» **Your instructions**
Set down, exactly and only, everything from the line containing "Stress-free moving Karbi Anglong to Longleng" down to the line containing "Госоркестр Башкортостана закроет" in the data below; the pictures are not part of the copy.

*** Opening of Material provided ***

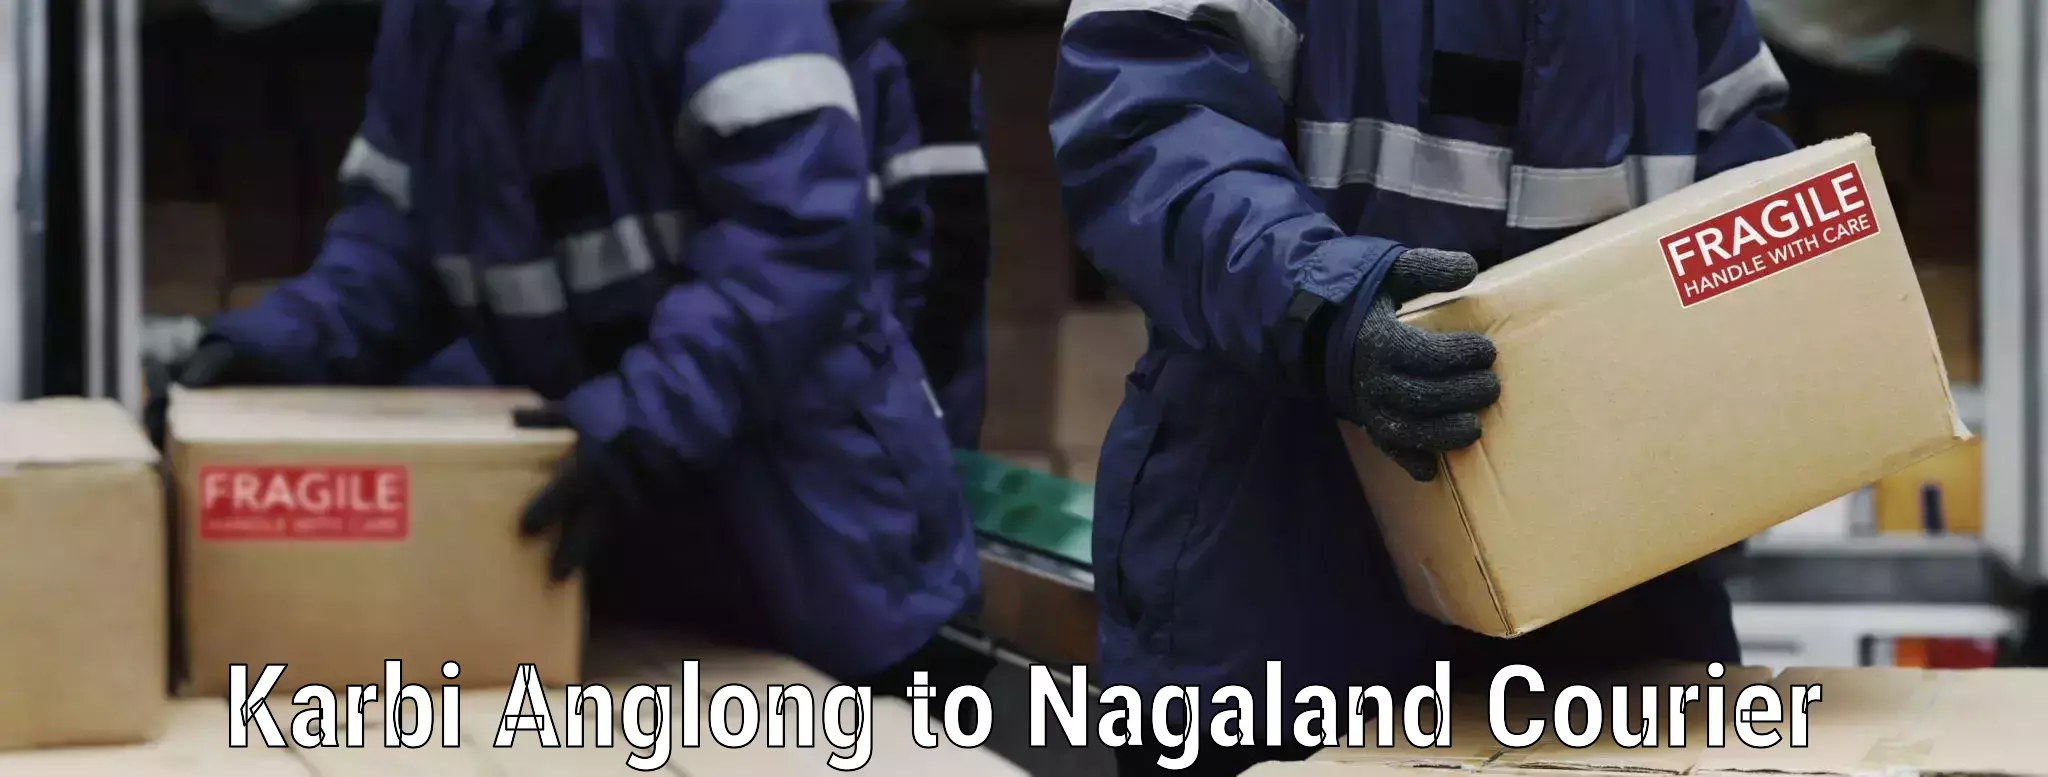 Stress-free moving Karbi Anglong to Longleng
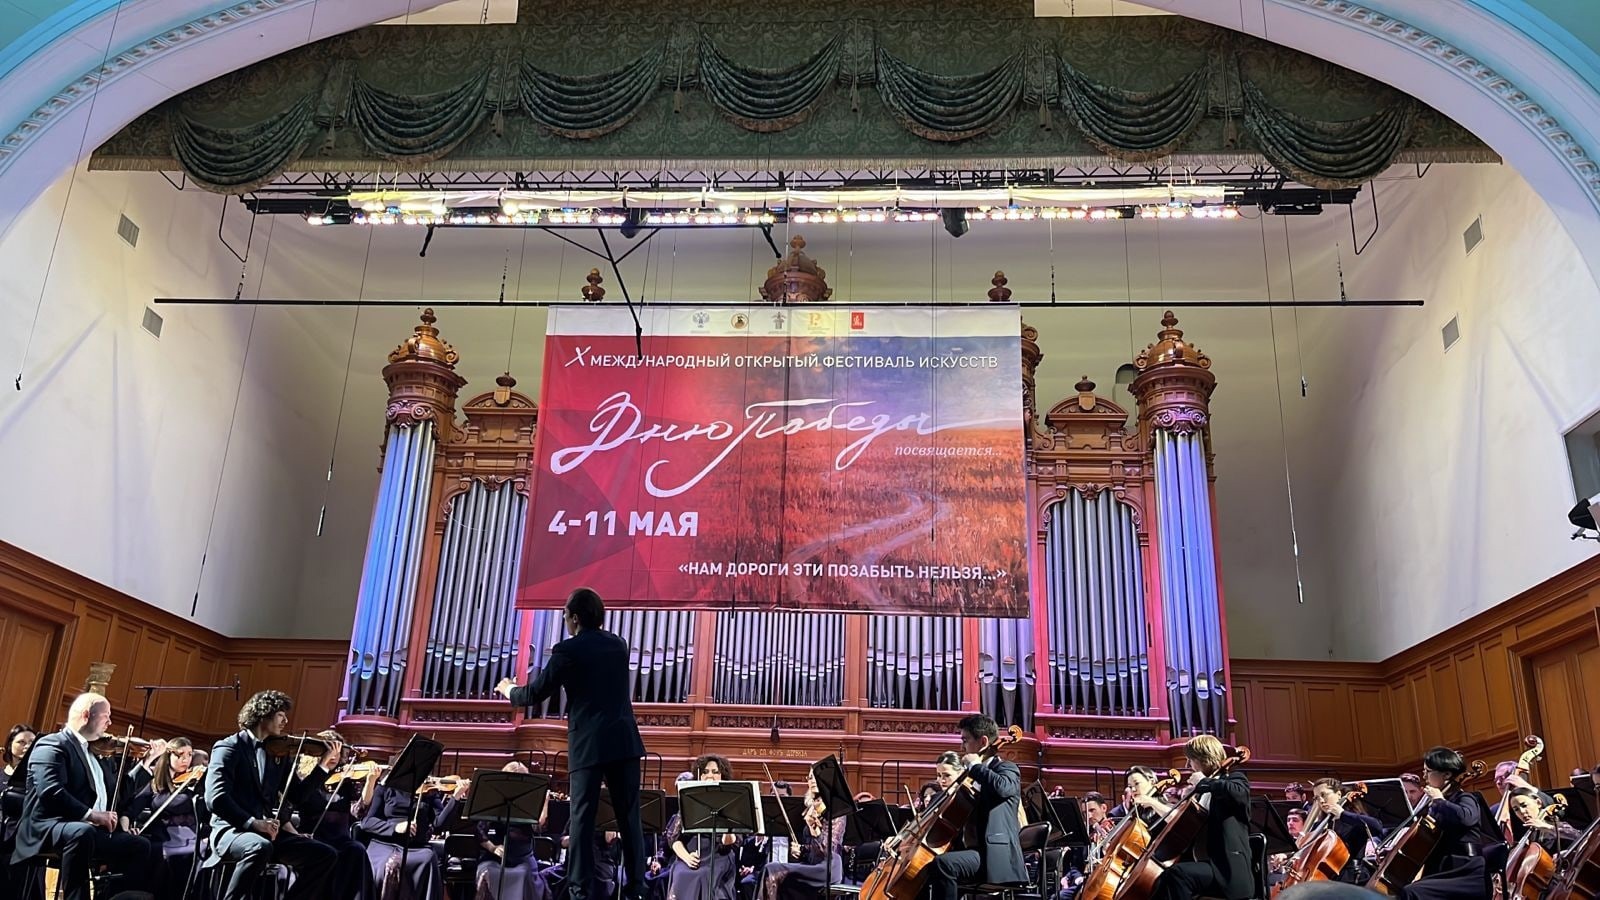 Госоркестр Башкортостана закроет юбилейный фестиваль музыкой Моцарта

*** Close of Material provided ***
*** Opening of Material provided ***

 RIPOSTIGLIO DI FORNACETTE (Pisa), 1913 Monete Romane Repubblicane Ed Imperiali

*** Close of Material provided ***
*** Opening of Material provided ***

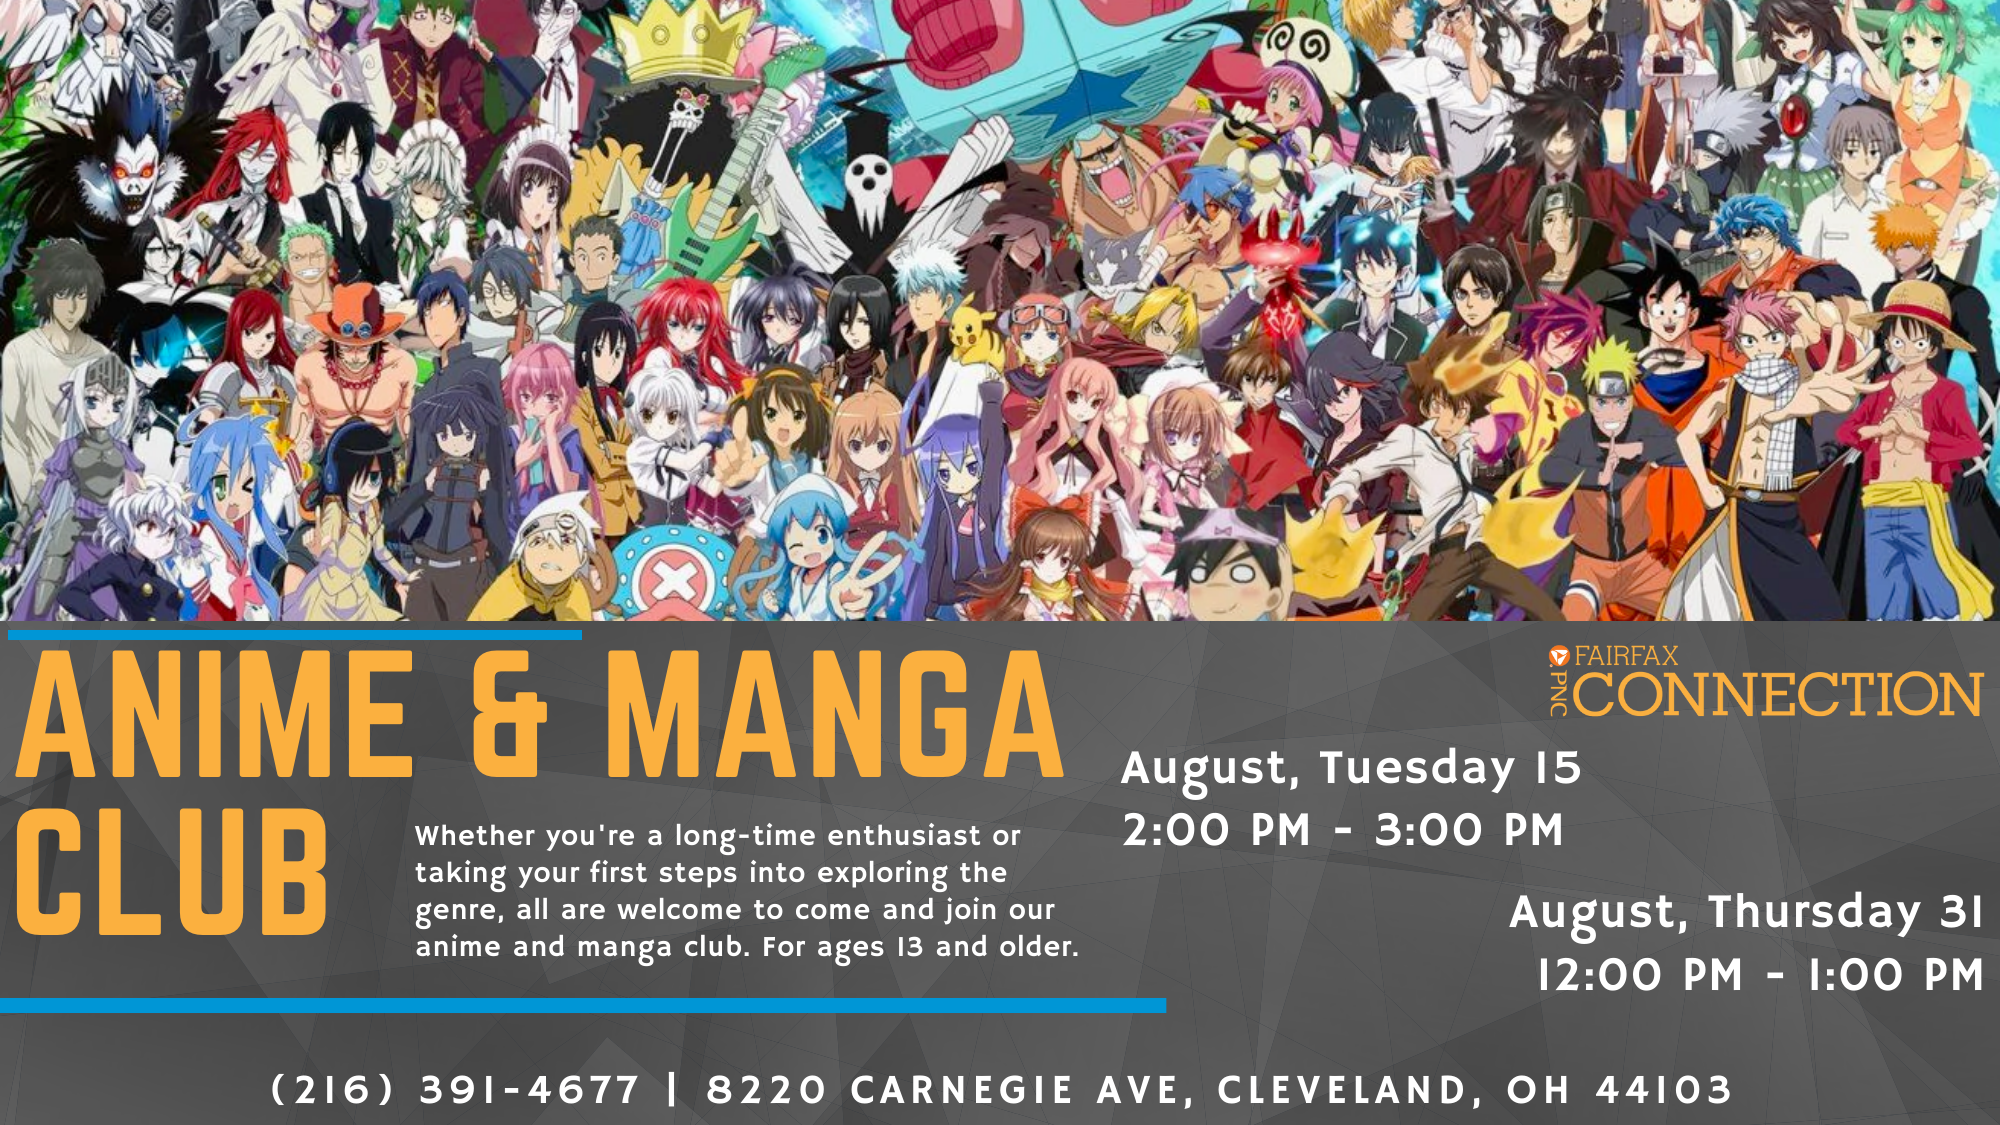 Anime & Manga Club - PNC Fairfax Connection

*** Close of Material provided ***

» **Reply to the exercise**
 Stress-free moving Karbi Anglong to Longleng
 Госоркестр Башкортостана закроет юбилейный фестиваль музыкой Моцарта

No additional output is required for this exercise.